Washington, DC isn’t necessarily known for self-reflection.

In fact, you can probably throw a stone in #ThisTown and hit someone who wholeheartedly supported the Iraq War, never admitted they were wrong, and yet continue to pontificate on television and in the nation’s most prominent newspapers, not just about U.S. foreign policy, but also U.S. wars in the Middle East.

Peter Beinart isn’t one of those people (well, he lives in New York, so the stone throwing analogy probably isn’t as apt). Nonetheless, Beinart, a professor of journalism and political science at the City University of New York and a contributing writer at The Atlanticsupported the U.S. invasion of Iraq in 2003. But he’s one of the very few who have seriously grappled with the failures of its intellectual underpinnings. He has not only taken responsibility for participating in the pro-Iraq war discourse, but Beinart has also emerged from the wreckage as one of the most prominent progressive thought leaders on U.S. foreign policy, offering bold solutions to some of the world’s most complex security challenges.

Responsible Statecraft recently spoke with Beinart and asked him about his journey from a self-proclaimed “liberal hawk” to a strong opponent of American militarism, perhaps as a way to provide a model for DC foreign policy establishment-types interested in making some changes of their own.

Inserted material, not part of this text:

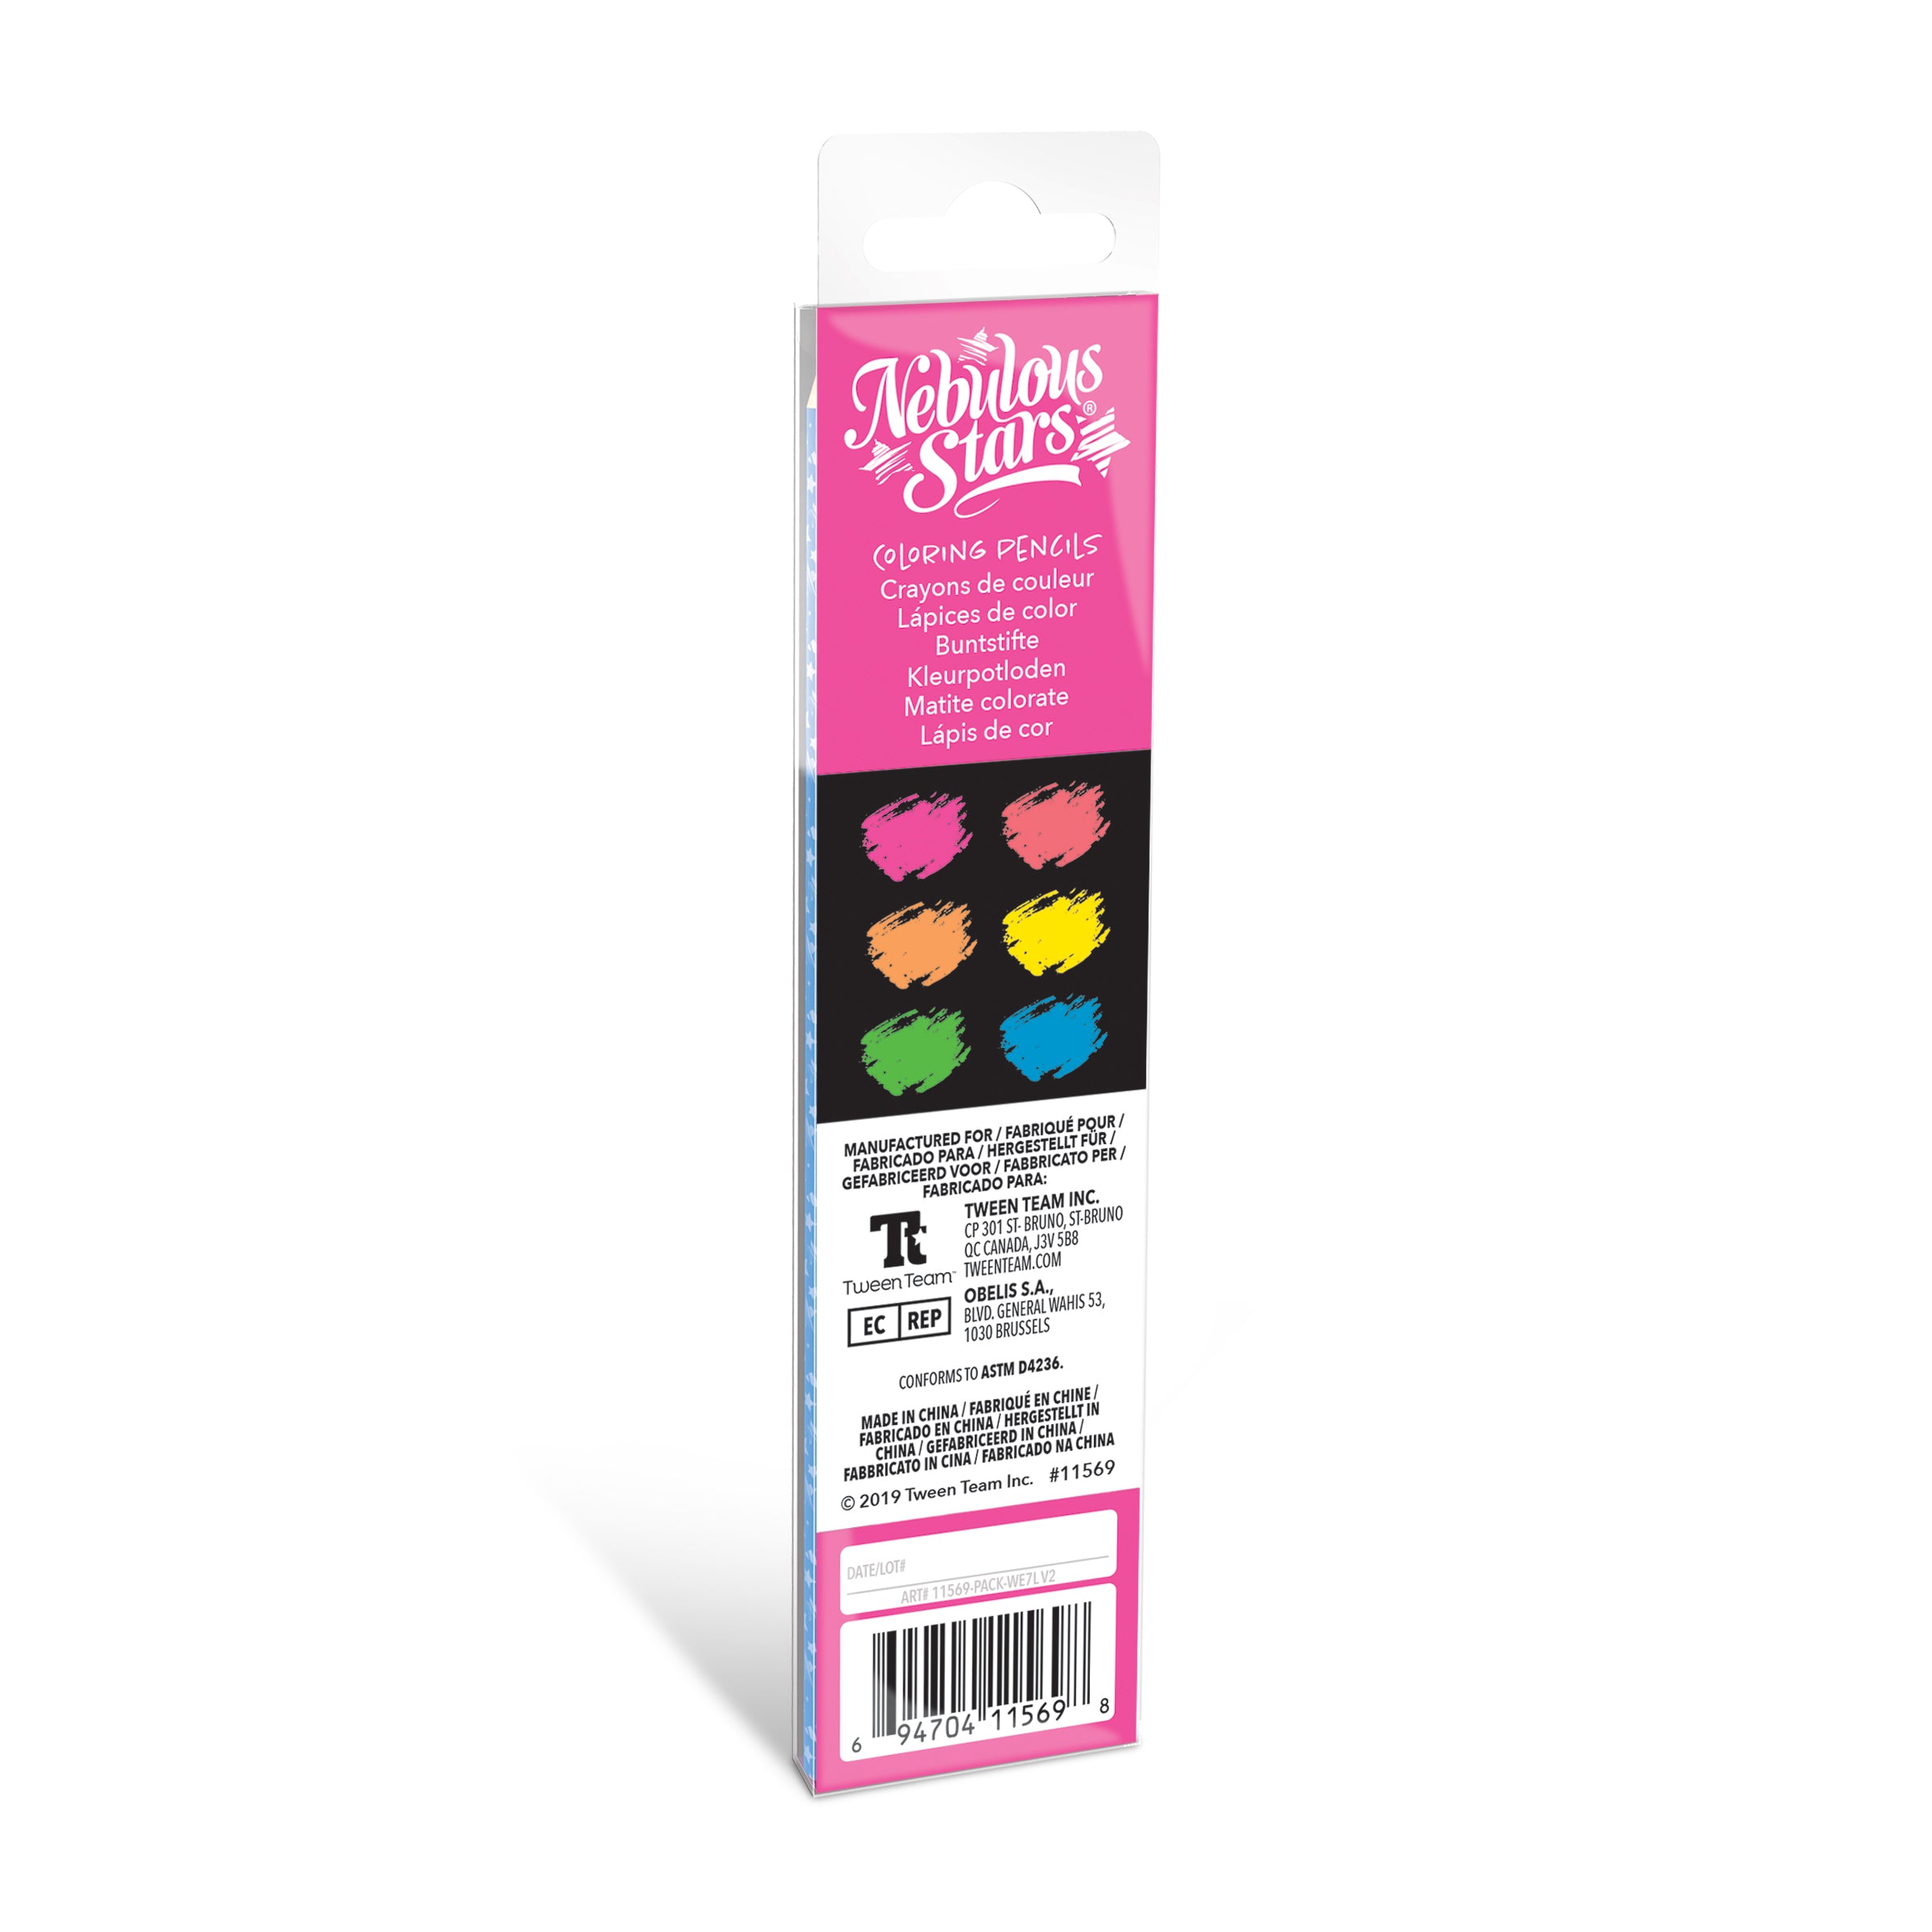 Nebulous Stars - Wooden Color Pencils (6 Pack) - Neon Colors
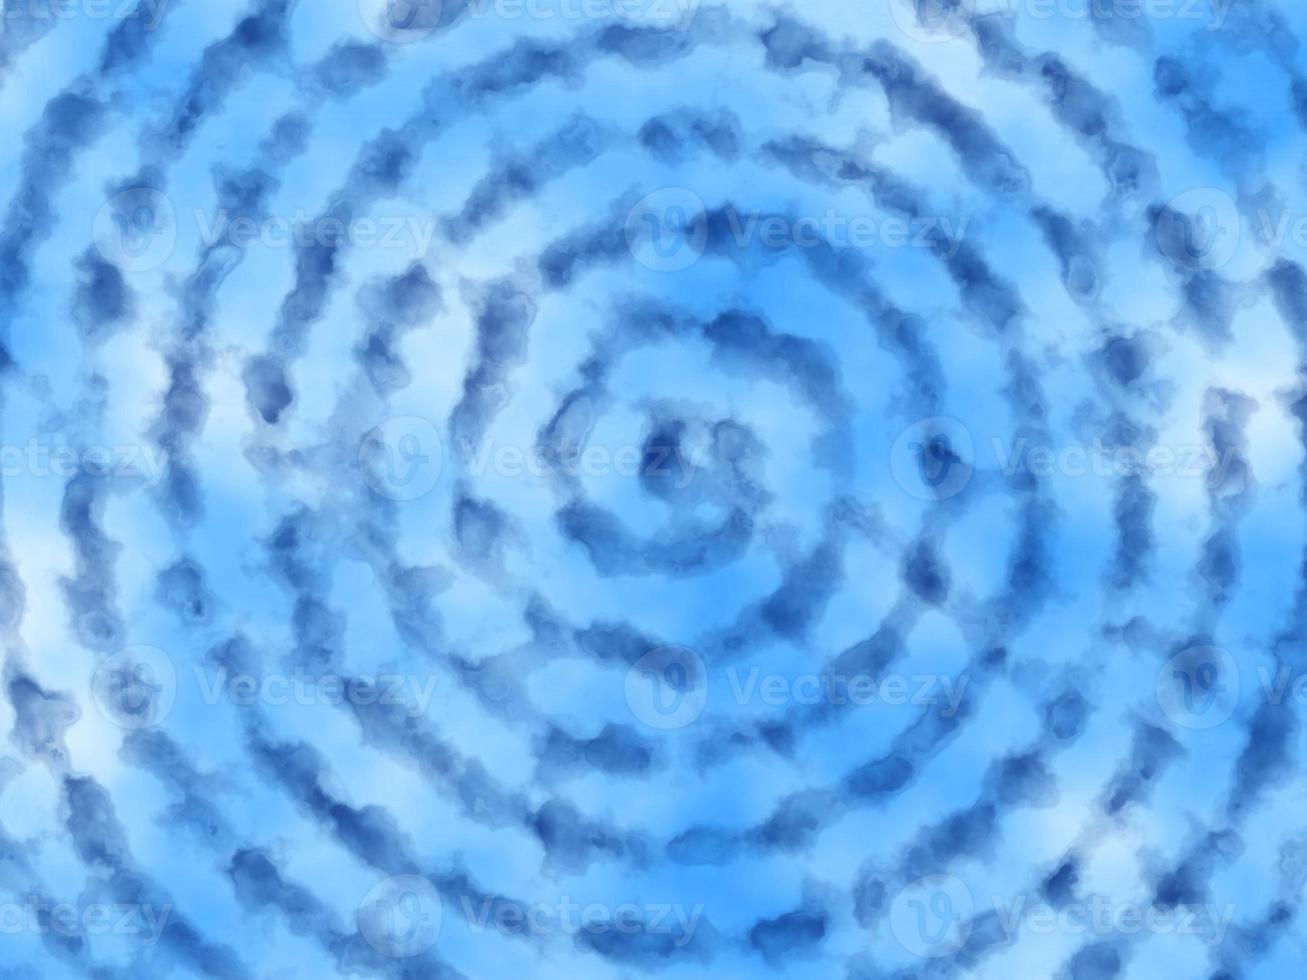 blu acquerello spirale modello sfondo foto

“You have some kind of intellectual edifice in your mind and then a certain brick is taken away and then another, or maybe you rethink a certain step and it leads you to rethink a certain other step,” Beinart said, referring to the process he went through moving away from a military interventionist mindset. “It’s also a constant effort to respond to things that one experiences and sees in the world, and as there’s mounting information which doesn’t fit within a particular system, intellectual or moral system, you try to see if you can arrange these new facts in some other way to tell a story that seems more compelling given the evidence around you.” 

Beinart wrote a whole book, The Icarus Syndrome, about the folly of American hubris in the last century and examined how intellectuals of the time came to terms with their failures.

Through that process, he said, early 20th Century theologian, professor, and political commentator Reinhold Niebuhr became “like a bit of a life raft”:

“[F]or me his core insight is that nations, like individuals, cannot see the degree to which self-interest corrupts their notion of virtue. They may genuinely believe that they are high-minded. But just like individuals think they’re high-minded and can’t see how much of their behavior is based on self-interest. They can’t see themselves from the outside and nations have trouble doing that too. And that became a way to help me start to have a more skeptical eye about all this exceptionalist discourse that I think still defines a lot of American foreign policy.”

Beyond individual introspection, Beinart identified key structural barriers to changing the direction of U.S. foreign policy. One of the most difficult challenges he cited is confronting American exceptionalist discourse.

“There’s a notion that America should be doing great things, and I myself am still attracted to those notions in some ways,” he said. “But what’s happened is the notion of us as a nation doing great things, us as a special nation, us as a nation that has a special mission and can make the world better has really been diverted or perverted in some ways that are unhealthy.” 

He cited the absence of an institutional infrastructure that can sufficiently challenge these notions. “There’s a lack of people who have respectability and institutions that can provide balance to the interventionist impulse,” he said. 

This institutional infrastructure also includes the media. “The media tends to gravitate toward people who seem like they have respectable, elite, prestigious credentials,” he said, which of course the current DC foreign policy establishment can readily provide.

But at the same time, Beinart added, there’s a diversity angle. “If you think about the Americans who are most likely to take a skeptical view of American exceptionalist discourse, the notion that we are somehow morally free of sin, the people who would be most likely to gravitate to more skeptical views of America’s role in the world, I think often it is people of color given their experience in the United States. And yet with a few exceptions, the debate about domestic policy is much more integrated racially and in terms of different experiences and in terms of gender probably than the foreign policy discourse.”

Referring to one of the Quincy Institute’s foundations of transpartisanship, Beinart said that getting progressives and conservatives to work together going forward toward a less militaristic foreign policy based on restraint and diplomacy is going to be very difficult, particularly given that the GOP has jettisoned many of its principles to protect Donald Trump. But, he adds, there is a conservative critique to American hubris and overreach. “[I]f you believe that the government is not likely to be able to intervene and reengineer effectively problems at home, you should be even more dubious about the United States’ ability to do that half way across the world. So I think there is a coherent view there.”